REQUIREMENT: In the records below, find the line containing "Corey Wiscomb/contributed photo" and the line containing "The Lady Vikings"; please repeat exactly the lines from one to the other, both included, and nothing more.

BEGIN THE RECORDS

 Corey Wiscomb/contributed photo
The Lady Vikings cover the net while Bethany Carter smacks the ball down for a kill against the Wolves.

END THE RECORDS
BEGIN THE RECORDS

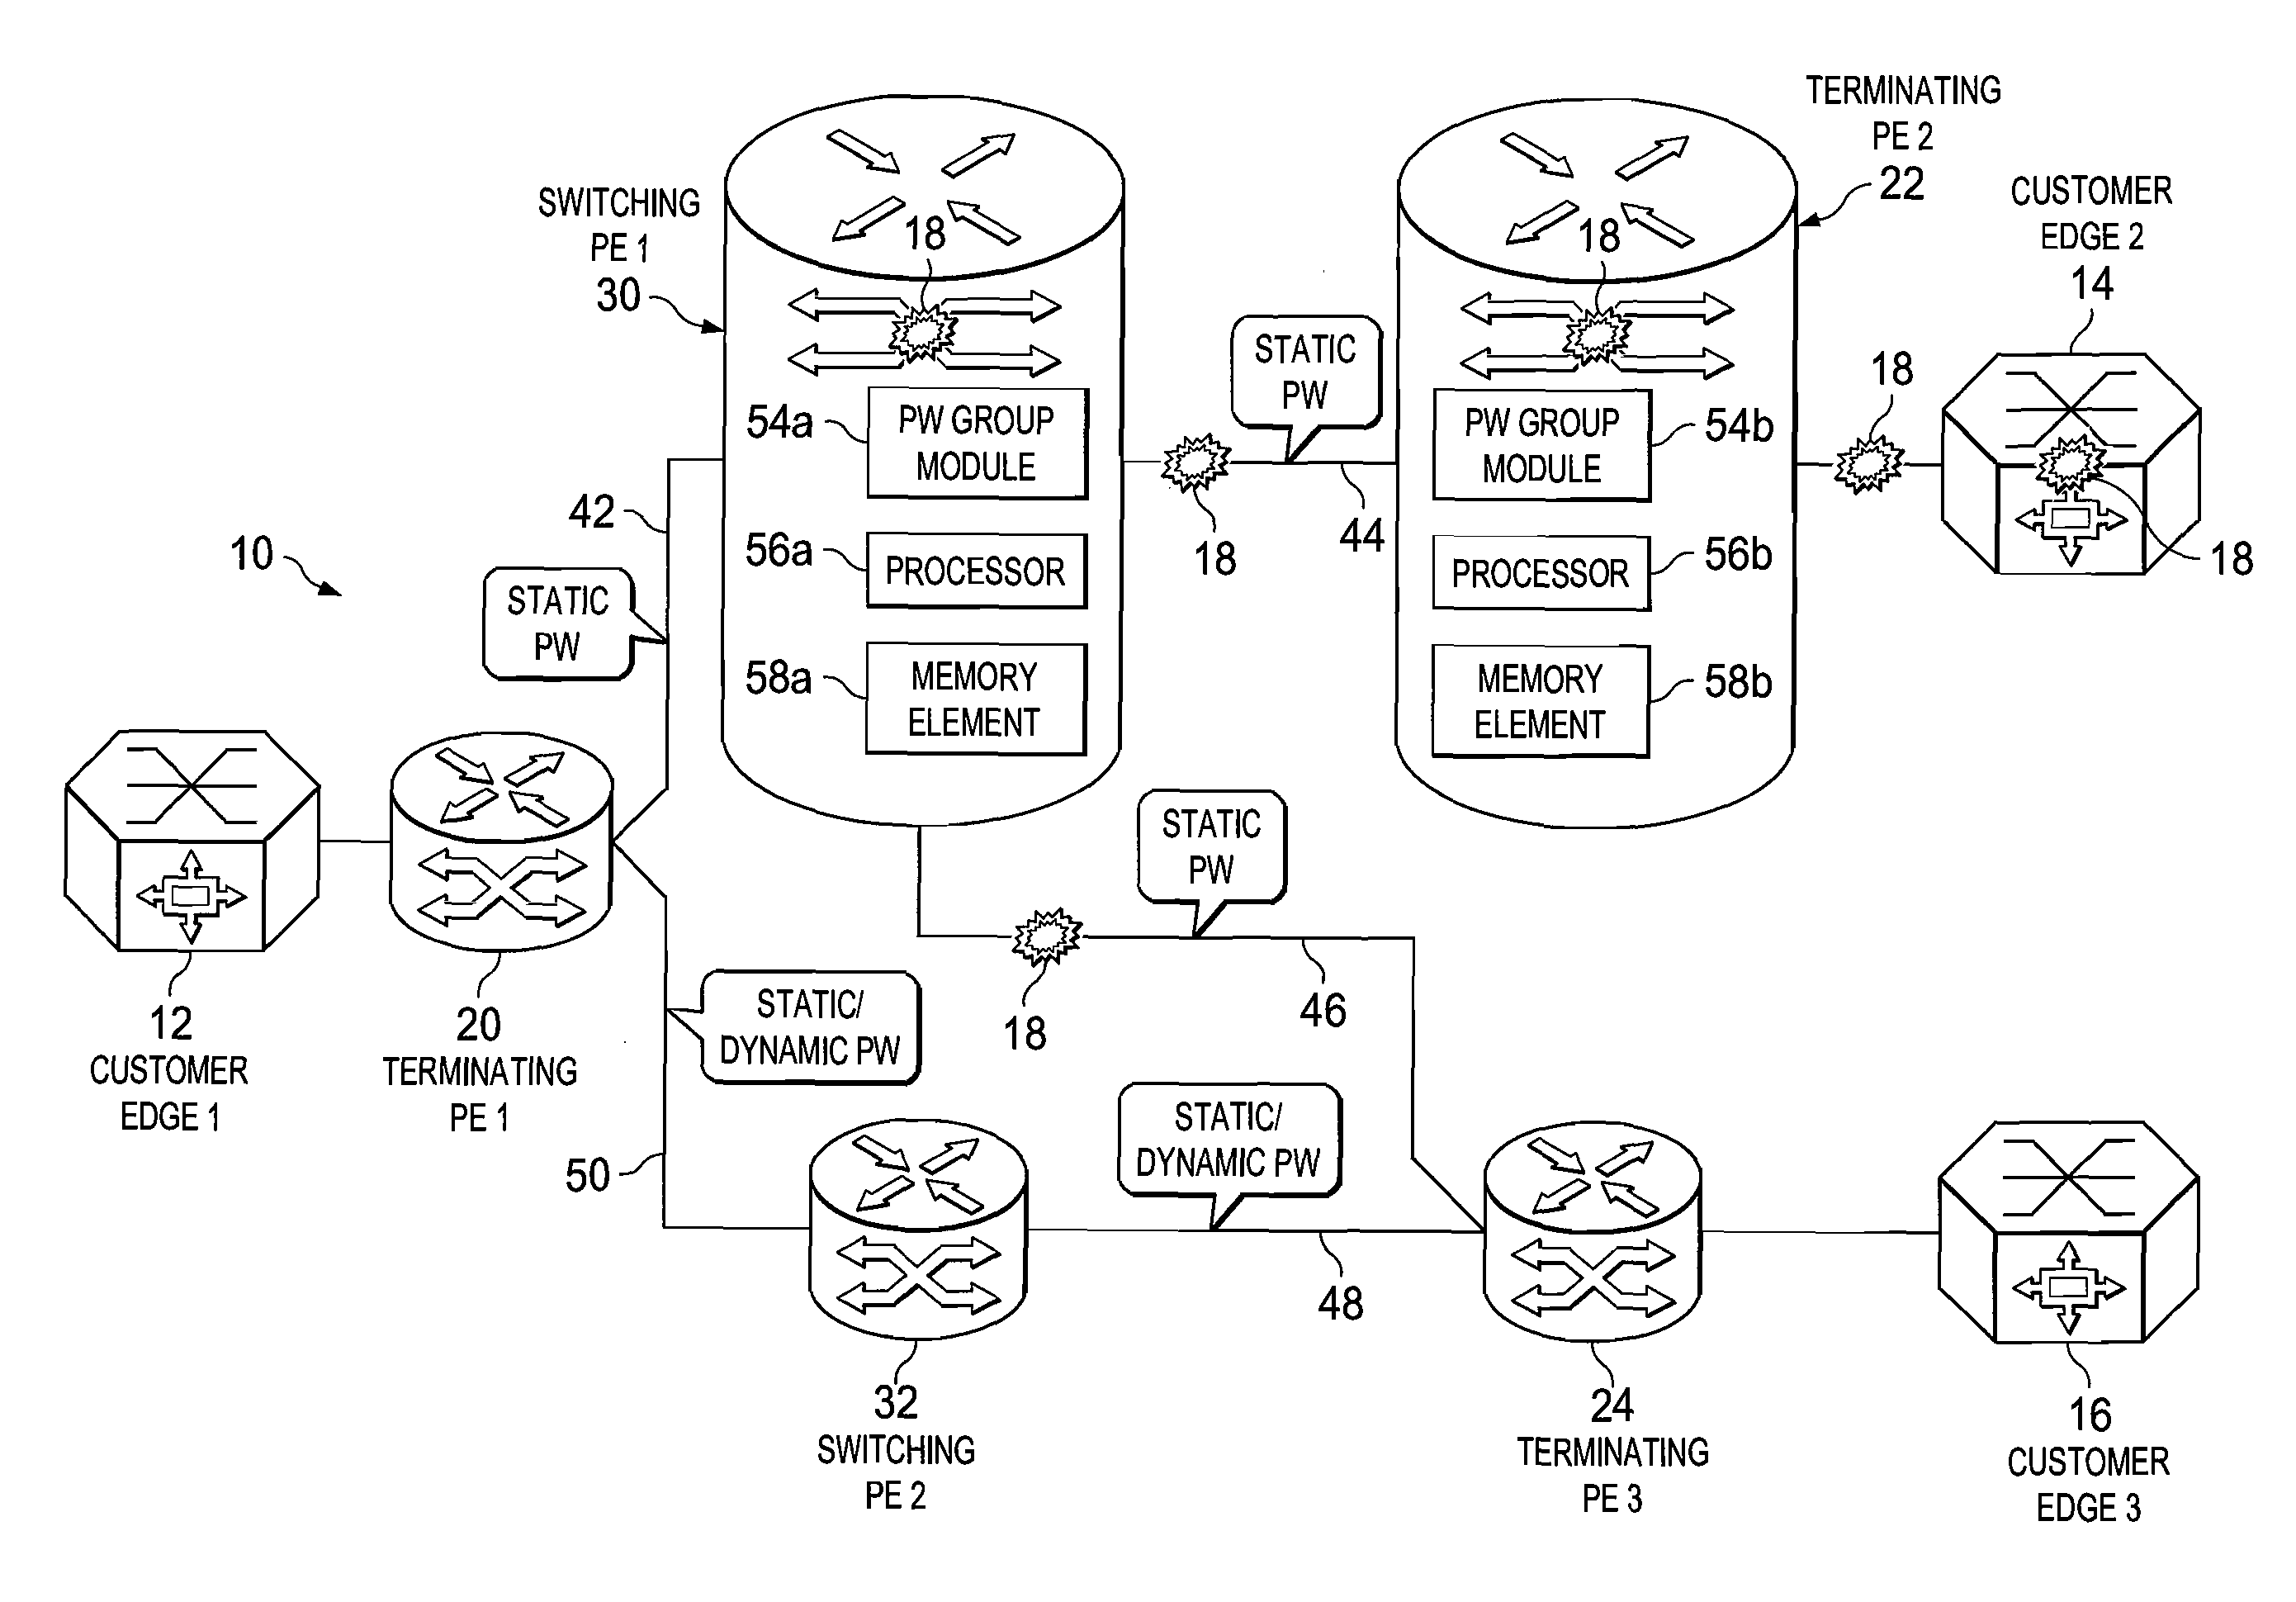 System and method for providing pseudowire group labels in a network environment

END THE RECORDS

EXERCISE ANSWER:
 Corey Wiscomb/contributed photo
The Lady Vikings cover the net while Bethany Carter smacks the ball down for a kill against the Wolves.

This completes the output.